-- DATA SECTION follows --

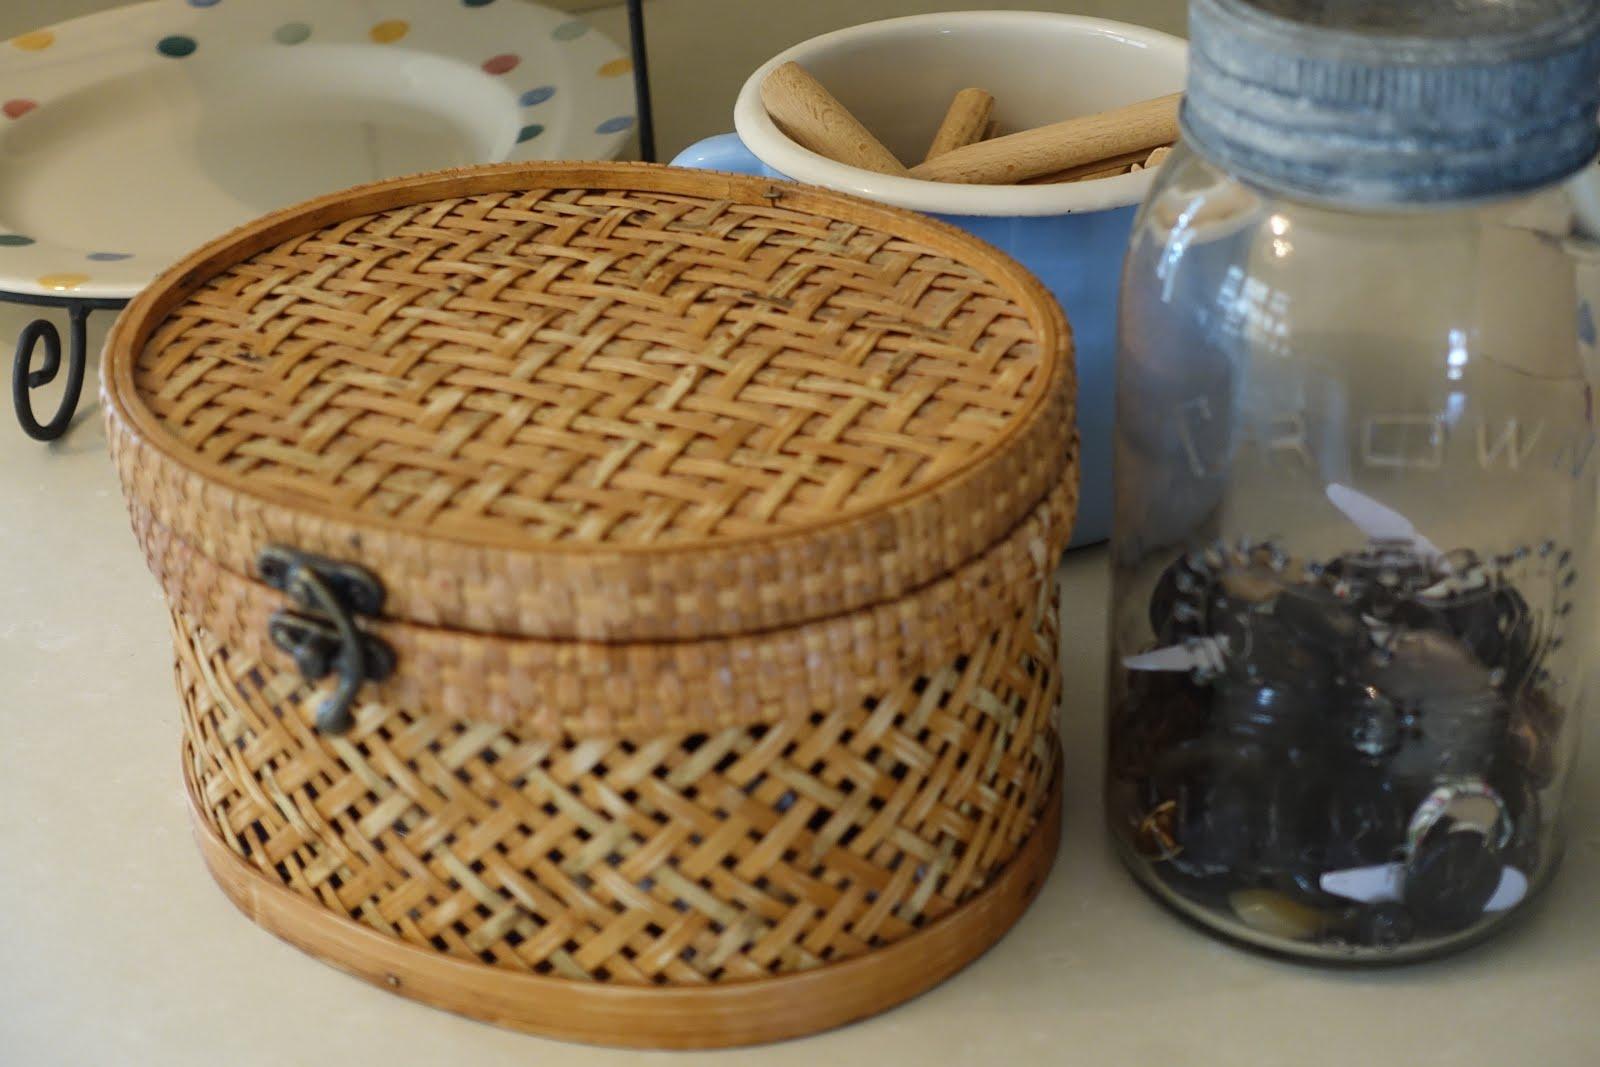 Mending Baskets
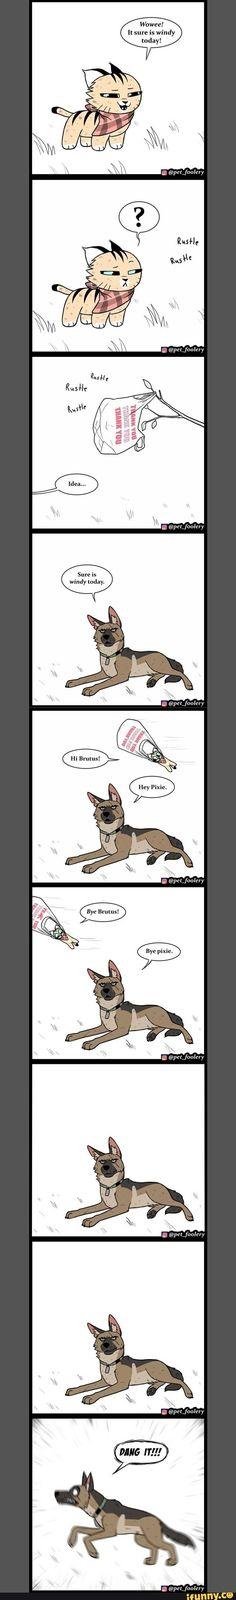 Funny Animal Comics, Cat Comics, Funny Animal Memes, Cute Funny Animals, Funny Comics, Funny Cute, Really Funny Memes, Stupid Funny Memes, Funny Texts
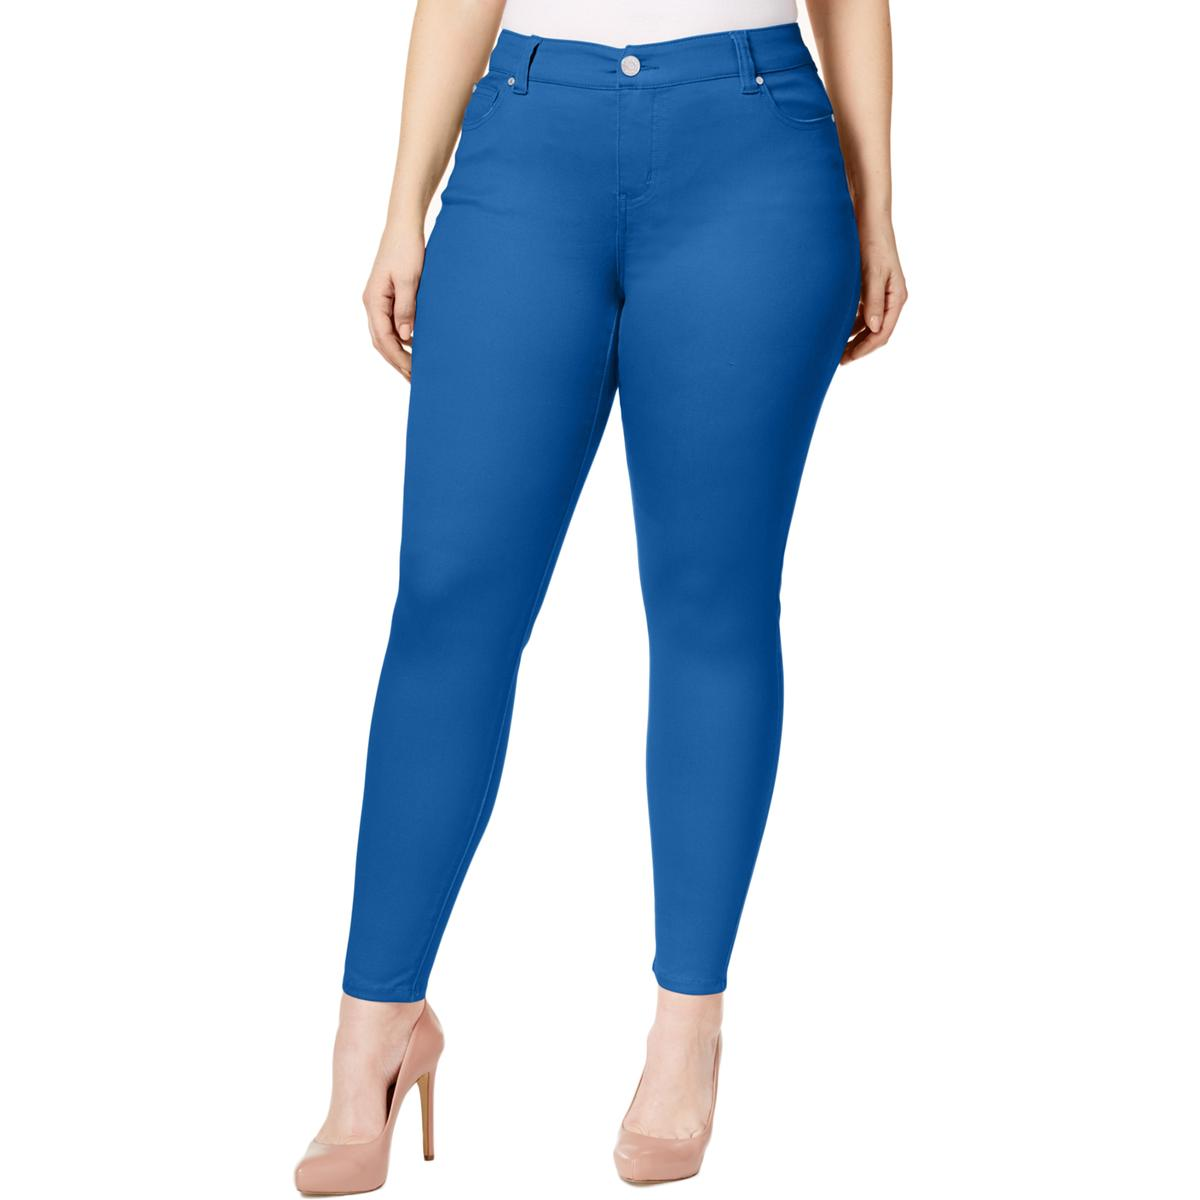 d198cc737d4 Details about Celebrity Pink Womens Blue Denim Colored Mid-Rise Skinny Jeans  16 BHFO 1977

-- DATA SECTION concluded --

• ACTIVITY
Retype the listing above exactly. Pictures are not part of the copy.

• RESPONSE
 Mending Baskets
 Funny Animal Comics, Cat Comics, Funny Animal Memes, Cute Funny Animals, Funny Comics, Funny Cute, Really Funny Memes, Stupid Funny Memes, Funny Texts
 d198cc737d4 Details about Celebrity Pink Womens Blue Denim Colored Mid-Rise Skinny Jeans  16 BHFO 1977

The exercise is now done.